- _Exercise instructions_: The reply should contain the full listing exactly as written and no pictures at all.

- _Information provided_:
------------------------------------

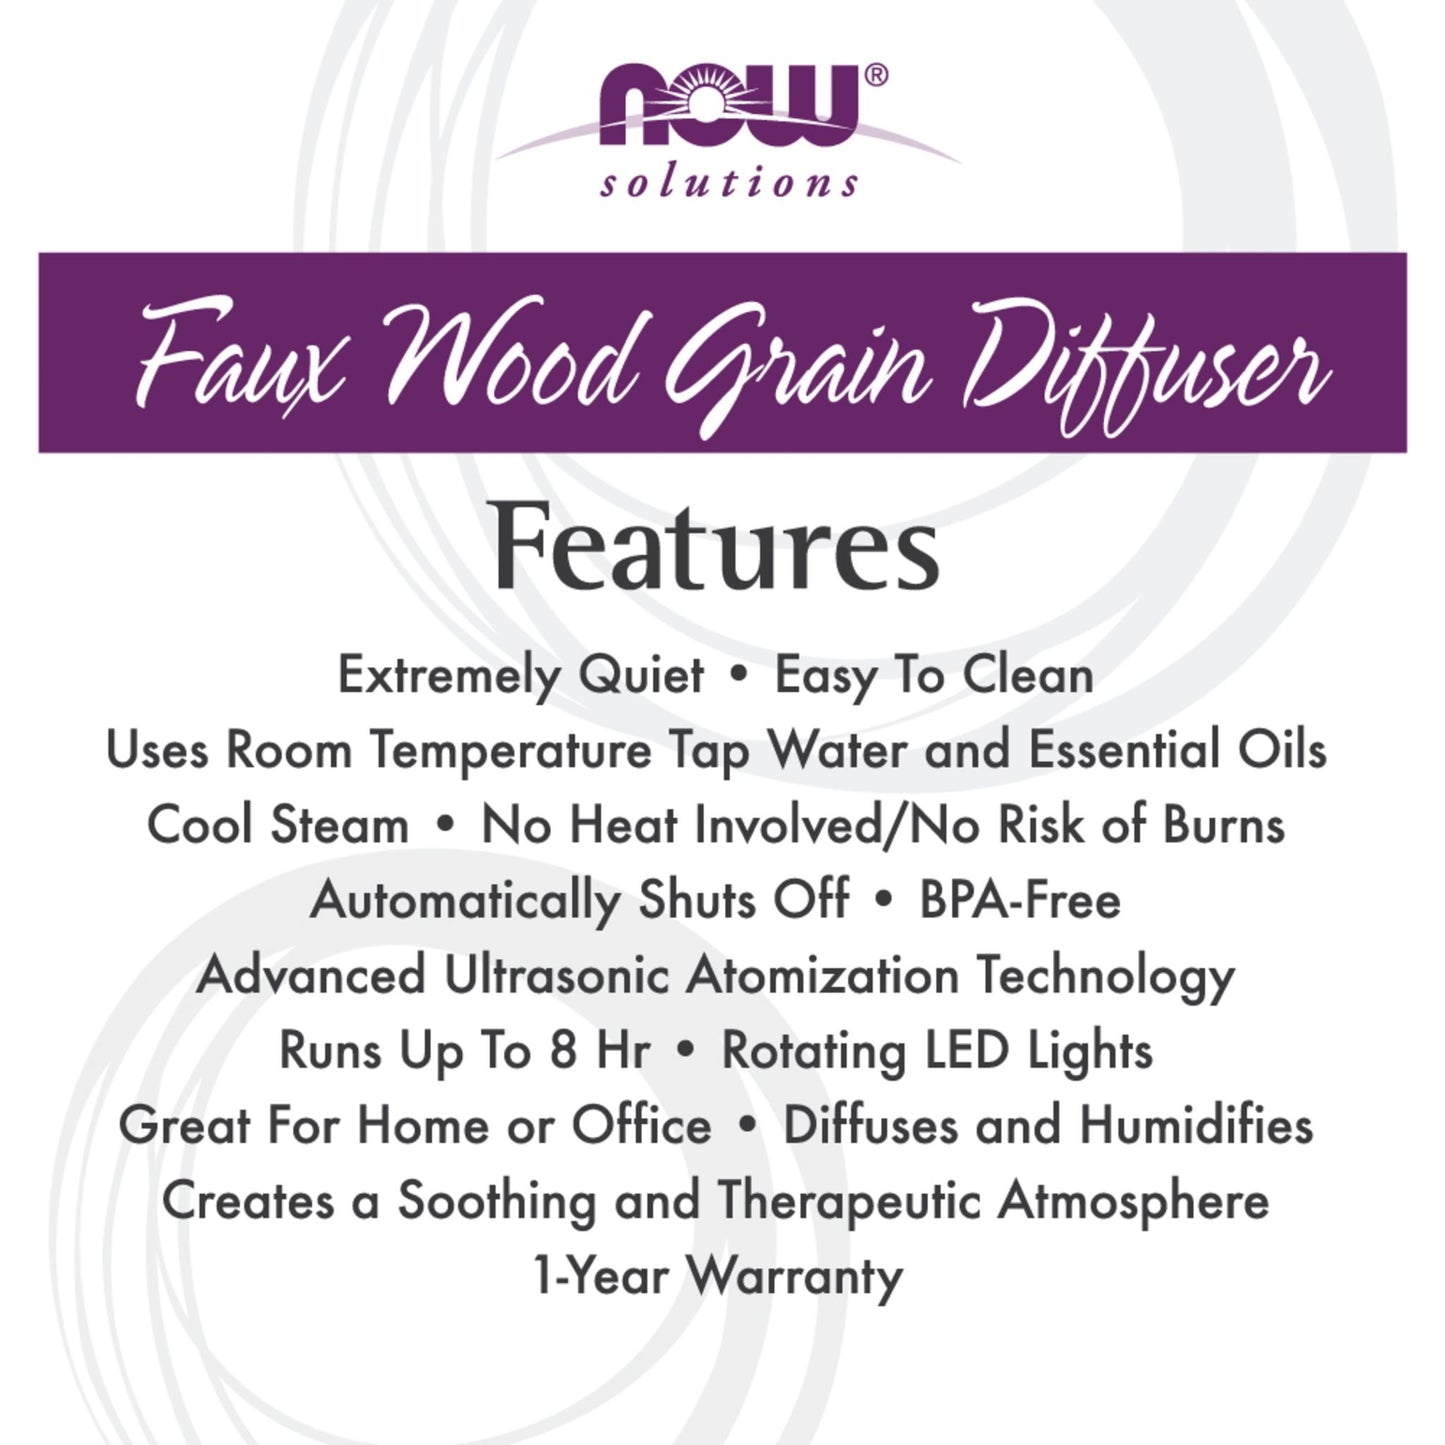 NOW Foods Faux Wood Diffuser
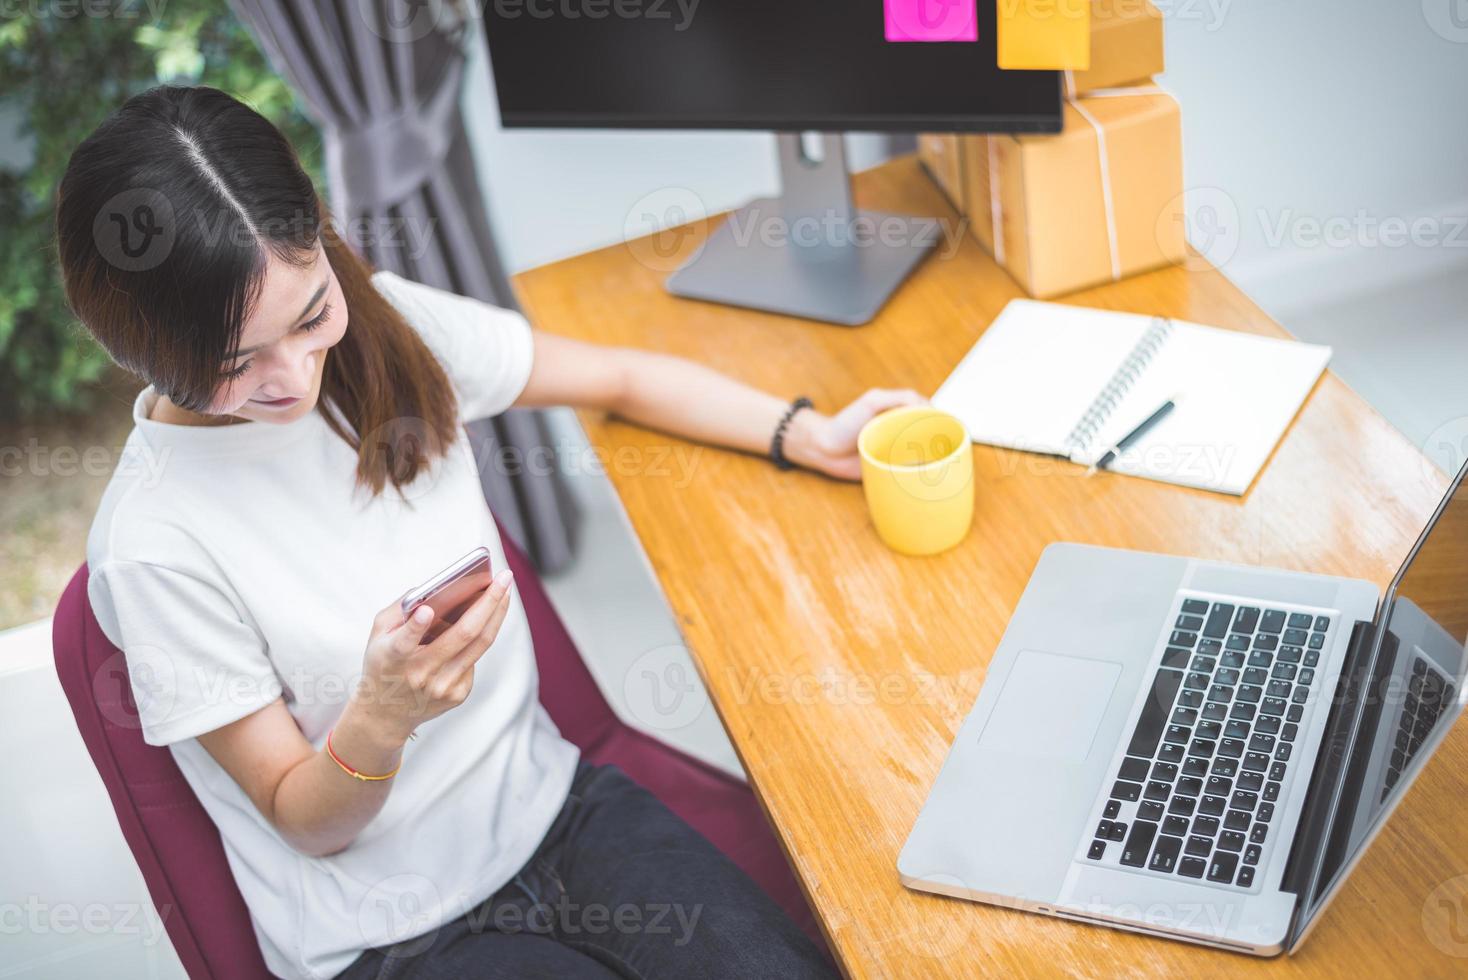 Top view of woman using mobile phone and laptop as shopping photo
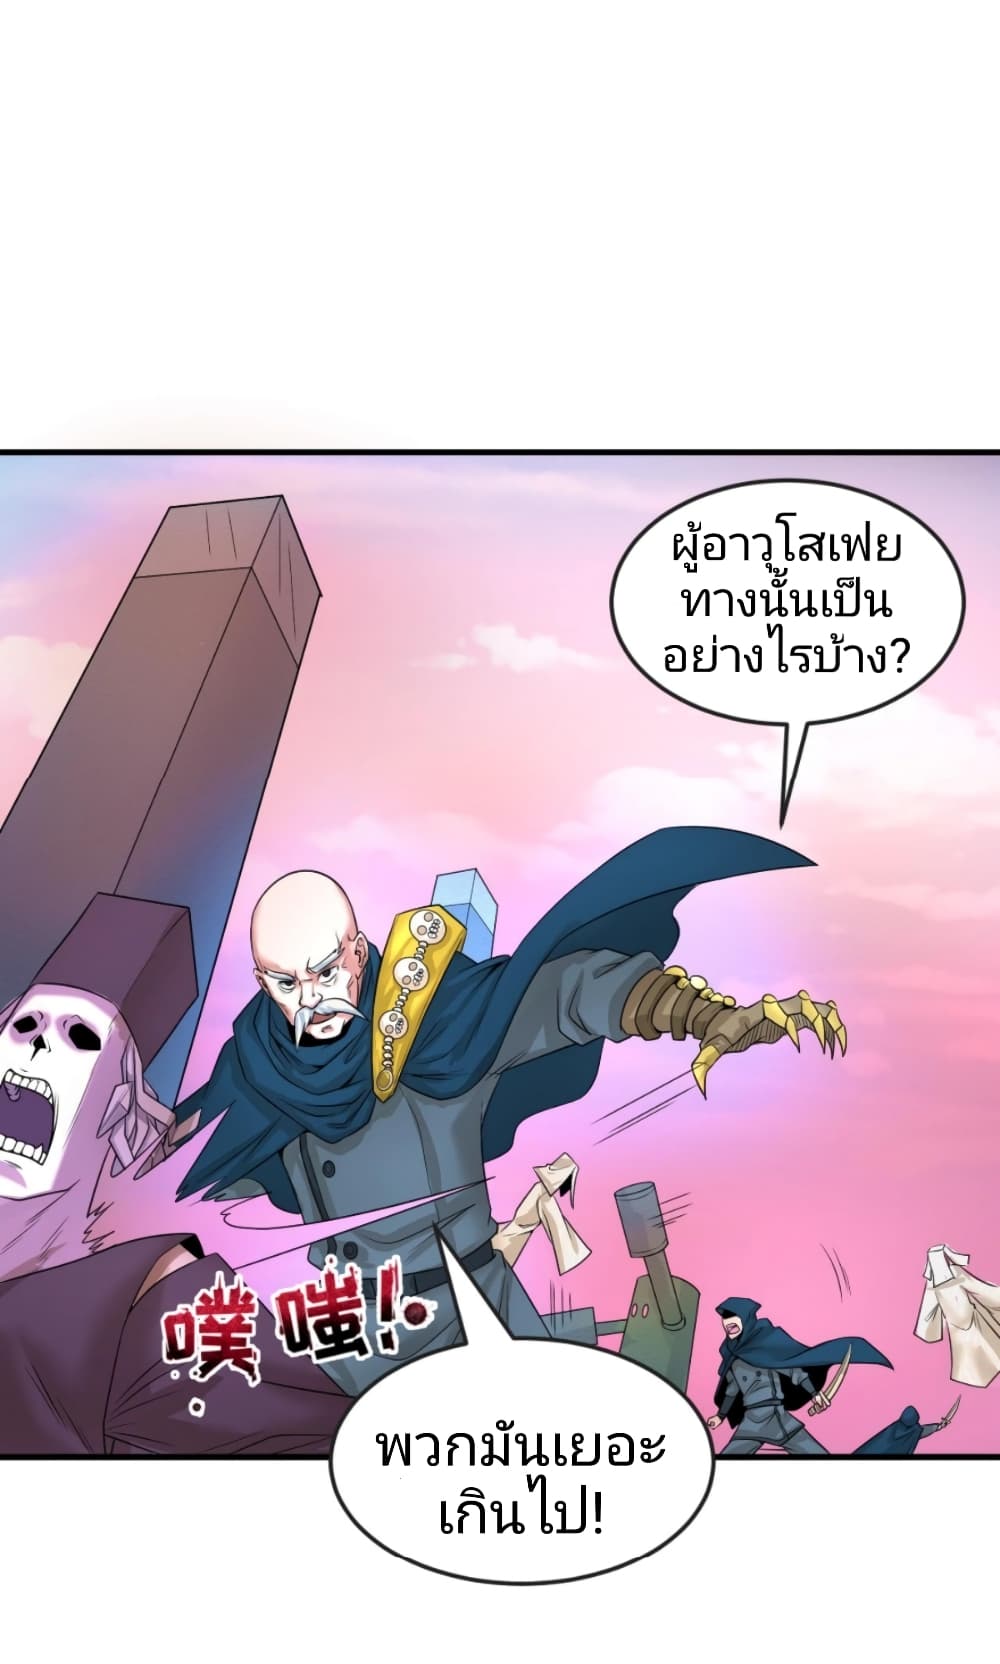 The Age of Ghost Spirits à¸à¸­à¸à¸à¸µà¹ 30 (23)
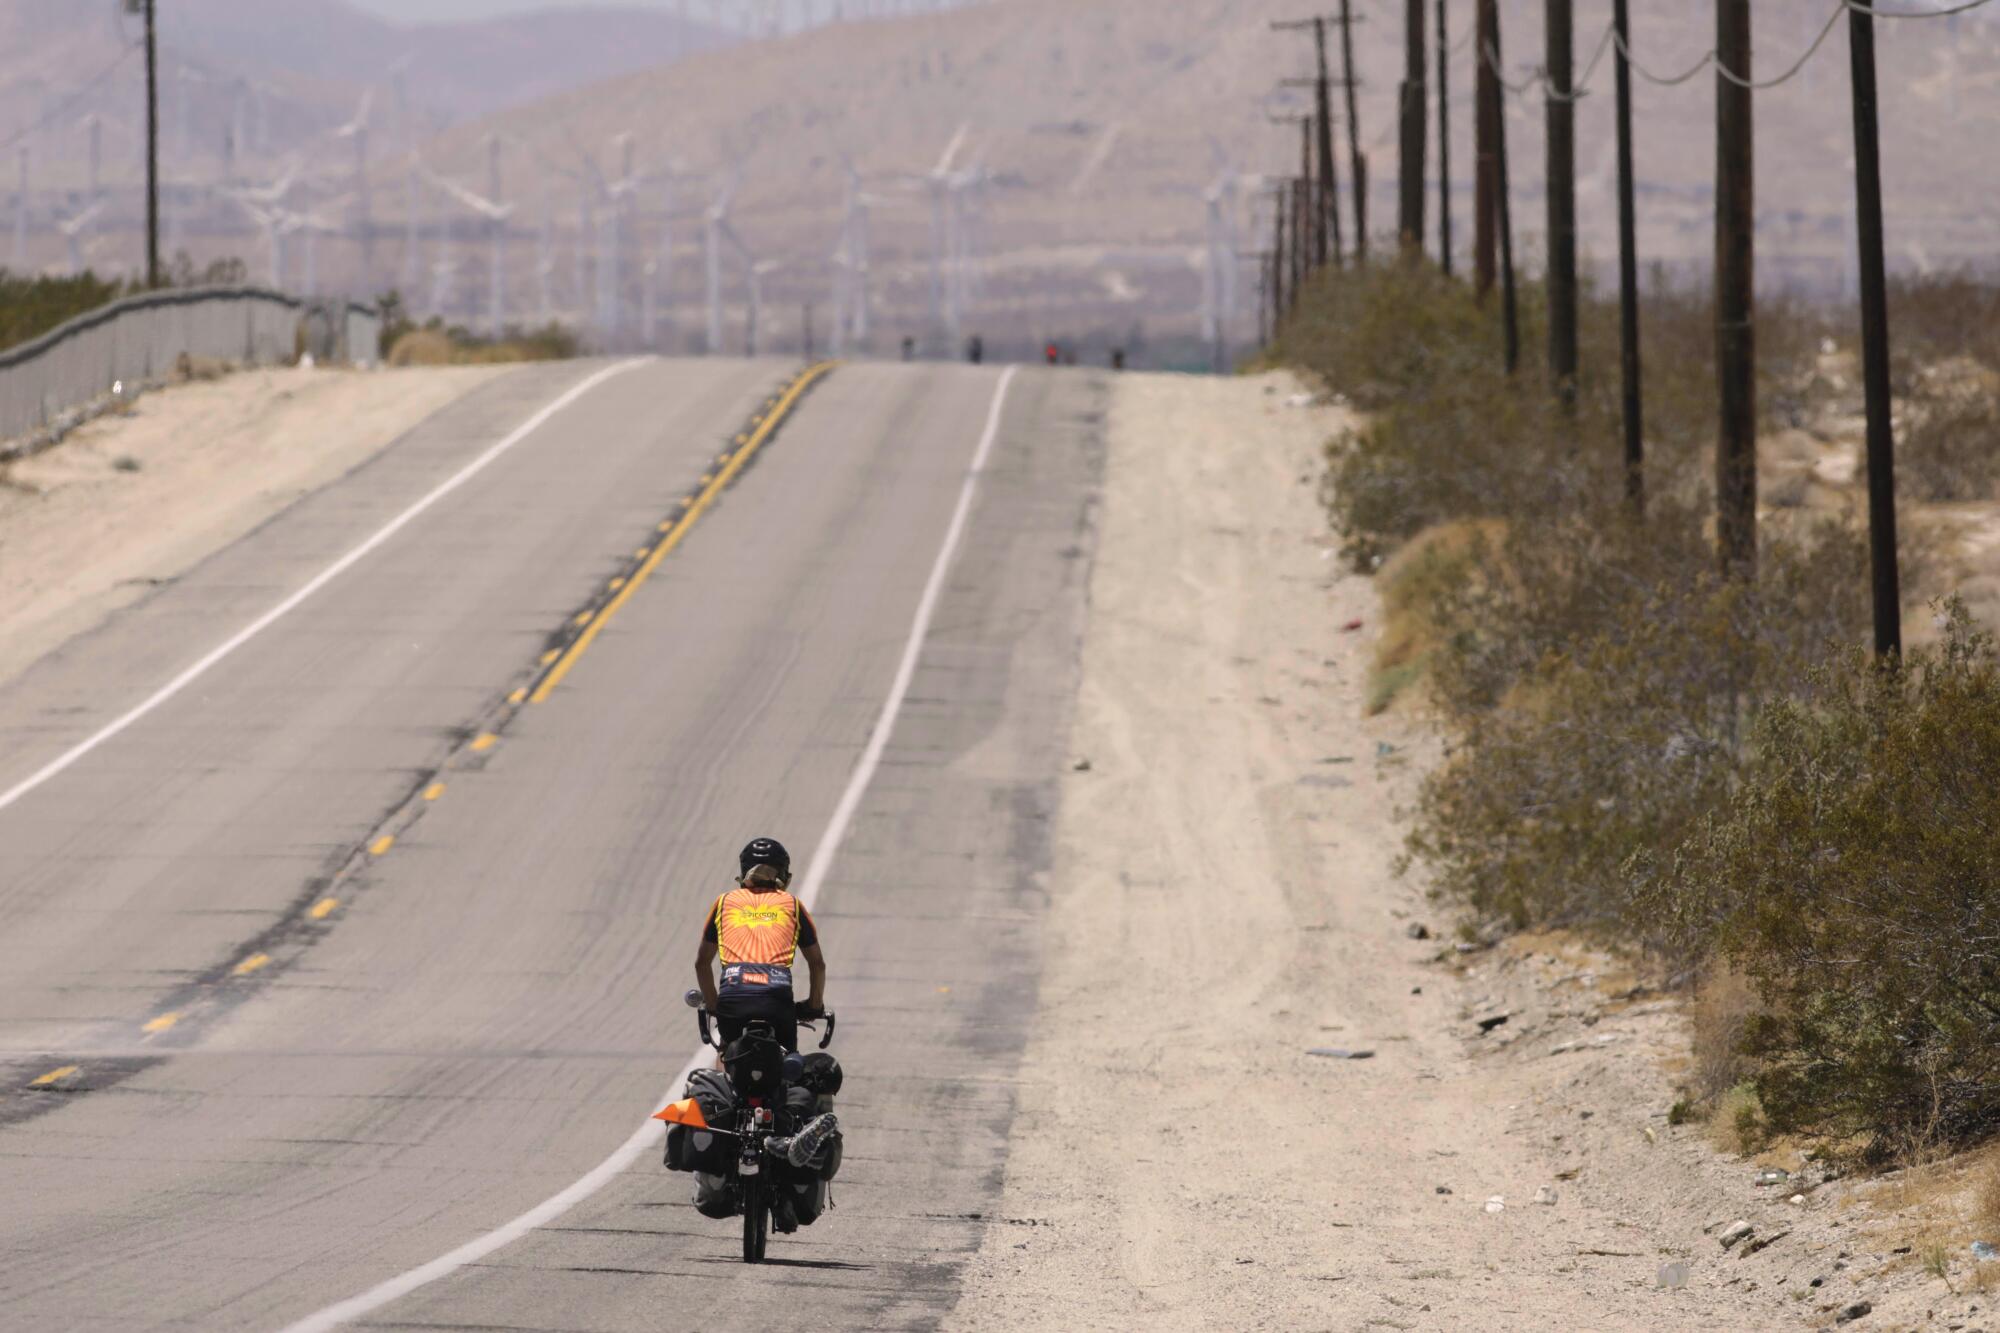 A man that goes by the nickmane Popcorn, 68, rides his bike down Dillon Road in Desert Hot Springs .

------------------------------------

- _Exercise response_:
 NOW Foods Faux Wood Diffuser
 Top view of woman using mobile phone and laptop as shopping photo
 The Age of Ghost Spirits à¸à¸­à¸à¸à¸µà¹ 30 (23)
 A man that goes by the nickmane Popcorn, 68, rides his bike down Dillon Road in Desert Hot Springs .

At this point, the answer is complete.